The key purposes for providing treatments (Fig. 91.1) are to relieve suffering, improve function, and maximize healing capacity. The nonoperative allopathic methods most often employ biochemical mediators to manage symptoms, followed by biomechanical interventions to modify loading of the spinal tissues to reduce local stress concentrations and strengthen core muscles while maximizing pain-free flexibility. The chiropractic methods seek to minimize or alter local physical tissue stress through the use of applied forces and moments, followed by interventions to modify behaviors that load the tissues, strengthen muscle and increase trunk stiffness, and improve pain-free flexibility. Should either approach be insufficient, a surgical consultation can be considered. The practical difference, ignoring the debates over disciplinary jargon, is the relative emphasis on the best means to reduce tissue stress, inflammation, and pain. The allopathic view relies heavily on chemical intervention to block pain and suppress inflammation followed by efforts to reduce tissue stress. The chiropractic view prefers to alter the mechanical environment, allowing inflammation and pain to subside. Patients often consult both types of care simultaneously without disclosing to either. Increasing professional interactions between the groups suggest that a meaningful number of cases may benefit from both approaches.

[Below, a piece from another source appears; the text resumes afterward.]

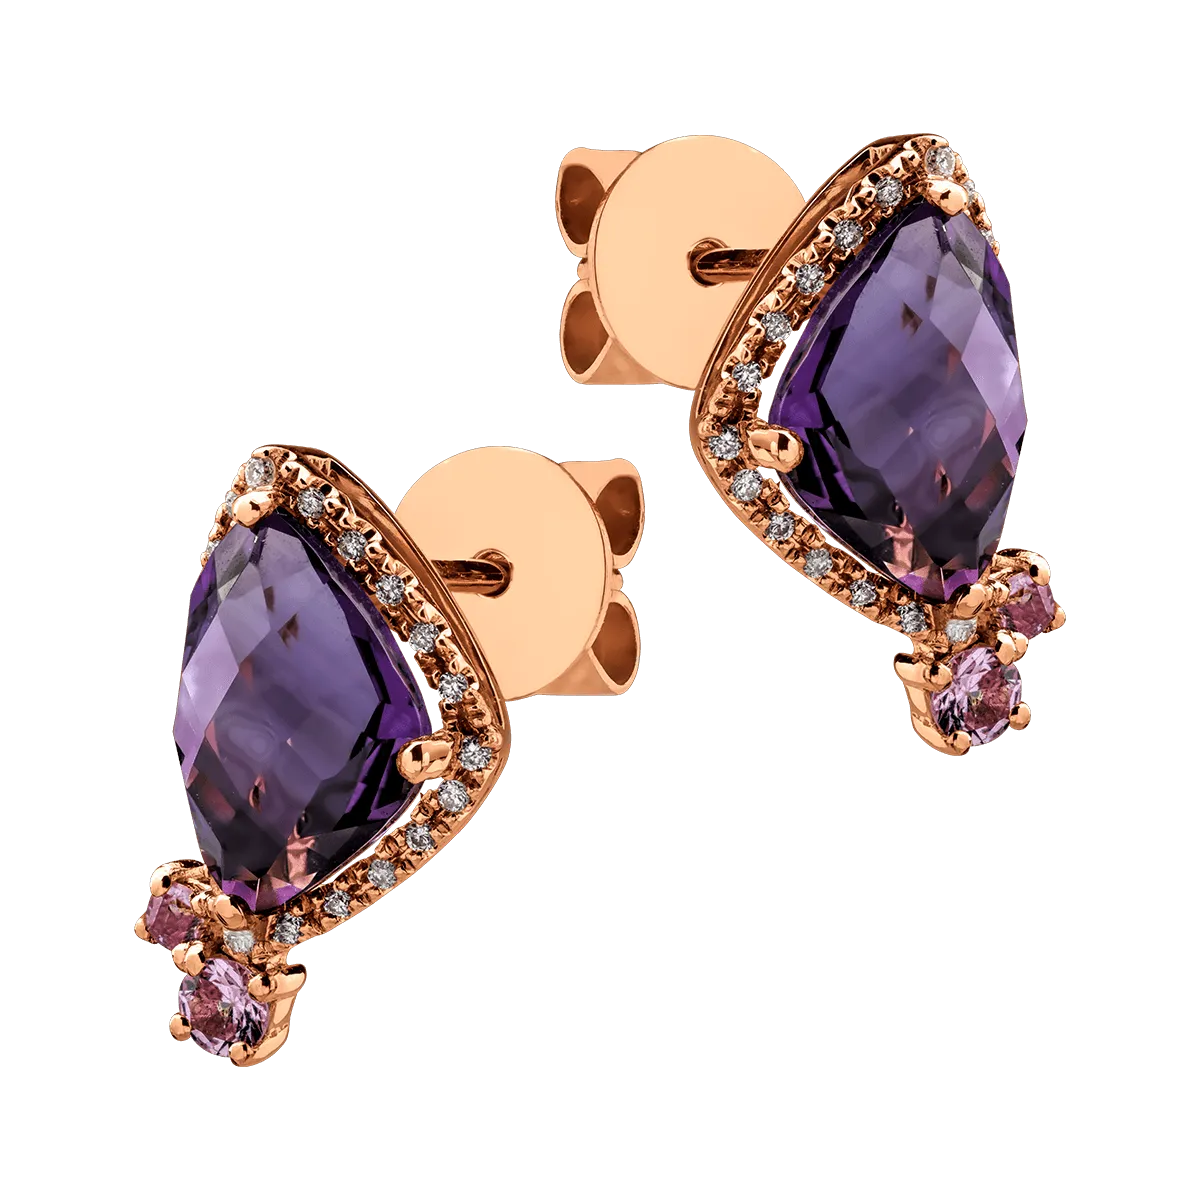 18K rose gold earrings with 4.36ct precious and semiprecious stones

Spinal manipulation is a mechanically applied therapy used to relieve nociceptive pain and improve function. A number of clinical and physiological effects are known2–4 and their attributes require appropriate and skillful application to achieve safe and successful outcomes.5–9 The clinical benefit from use of these procedures has been studied10,11 in subacute and chronic back pain cases, a heterogeneous population of patients including many with central axis pain. This chapter will discuss the theoretical underpinnings of spinal manipulation and its use in the management of central axis pain.
THE BASIS OF SPINAL MANIPULATION
The lesion
The mechanism of the manipulable spinal lesion is characterized biomechanically as a buckling event. These phenomena have been observed in orthopedics for some time among some patients with an unstable wrist carpus12,13 and are associated with multiarticular kinetic chain systems like the spine that rely on biarticular muscles for establishing local mechanical equilibrium and control. Detailed review of the biomechanics of these lesions can be found elsewhere.14–16 Briefly, buckling may involve single functional spinal units or an entire spinal region. They are caused by a mismatch in timing or amplitude of response between the local and regional muscular control systems (Fig. 91.2). A local shift of intersegmental joint configuration occurs within the bounds of normal range that is disproportionate to the task at hand. Symptoms arise from the increase in local tissue strain. The clinical presentation of the patient and the exact symptoms depend on the identity of the tissues strained to injury threshold and the presence of comorbid conditions.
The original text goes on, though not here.